Federated learning aims to protect data privacy by collaboratively learning a model without sharing private data among users. However, an adversary may still be able to infer the private training data by attacking the released model. Differential privacy provides a statistical protection against such attacks at the price of significantly degrading the accuracy or utility of the trained models. In this paper, we investigate a utility enhancement scheme based on Laplacian smoothing for differentially private federated learning (DP-Fed-LS), to improve the statistical precision of parameter aggregation with injected Gaussian noise without losing privacy budget. Our key observation is that the aggregated gradients in federated learning often enjoy a type of smoothness, i.e. sparsity in a graph Fourier basis with polynomial decays of Fourier coefficients as frequency grows, which can be exploited by the Laplacian smoothing efficiently. Under a prescribed differential privacy budget, convergence error bounds with tight rates are provided for DP-Fed-LS with uniform subsampling of heterogeneous non-iid data, revealing possible utility improvement of Laplacian smoothing in effective dimensionality and variance reduction, among others. Experiments over MNIST, SVHN, and Shakespeare datasets show that the proposed method can improve model accuracy with DP-guarantee and membership privacy under both uniform and Poisson subsampling mechanisms.

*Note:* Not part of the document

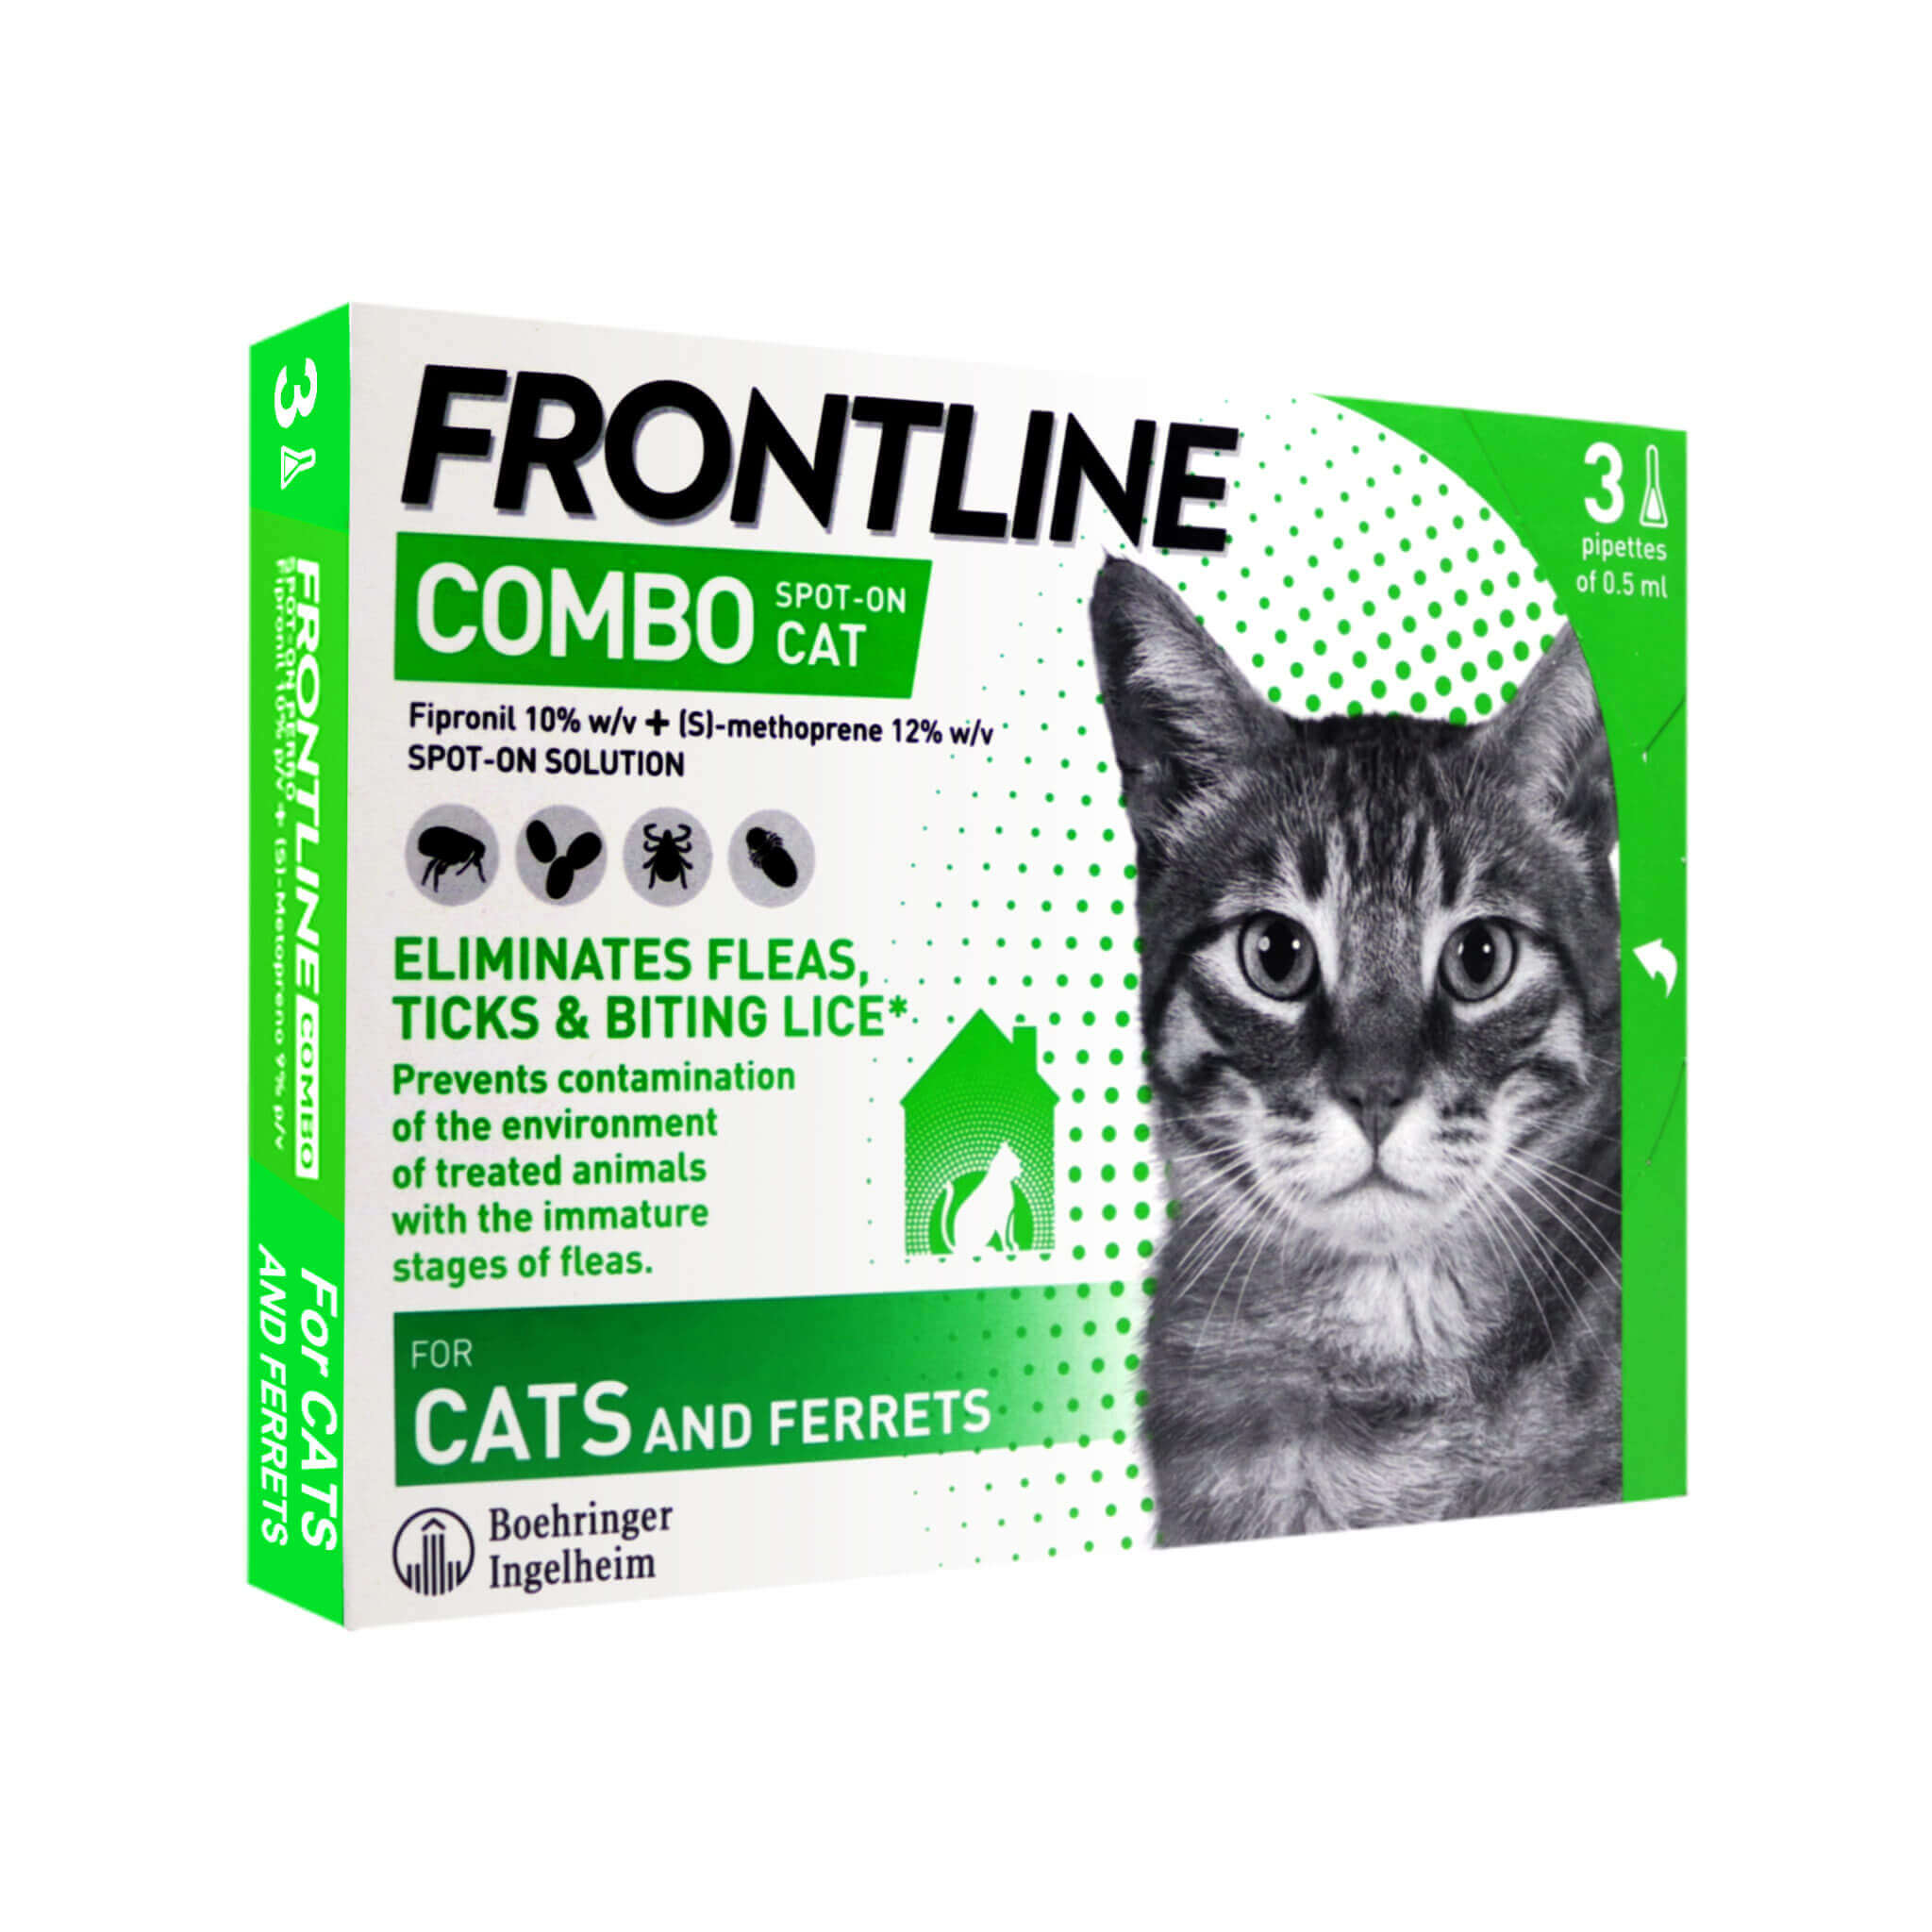 Frontline-cate

联合学习旨在通过协作学习模型来保护数据隐私,而不会在用户之间共享私人数据。然而,对手仍有可能通过攻击发布的模型来推断出私人训练数据。差异隐私提供了针对此类攻击的统计保护,但代价是大大降低了训练模型的准确性或实用性。在本文中,我们研究了一种基于拉普拉斯平滑的差异化隐私联合学习(DP-Fed-LS)的效用增强方案,以在不损失隐私预算的情况下提高注入高斯噪声的参数聚合的统计精度。我们的主要观点是,联合学习中的聚合梯度通常具有一种平滑性,即图傅里叶基础上的稀疏性,随着频率的增加,傅里叶系数呈多项式衰减,拉普拉斯平滑法可以有效地利用这种稀疏性。在规定的差分隐私预算下,DP-Fed-LS 对异构非 iid 数据进行了均匀子采样,并提供了收敛误差约束和严格的收敛率,揭示了拉普拉斯平滑法在有效降低维度和方差等方面可能的效用改进。在 MNIST、SVHN 和 Shakespeare 数据集上进行的实验表明,所提出的方法可以在均匀子采样和泊松子采样机制下提高具有 DP 保证的模型准确性和成员隐私性。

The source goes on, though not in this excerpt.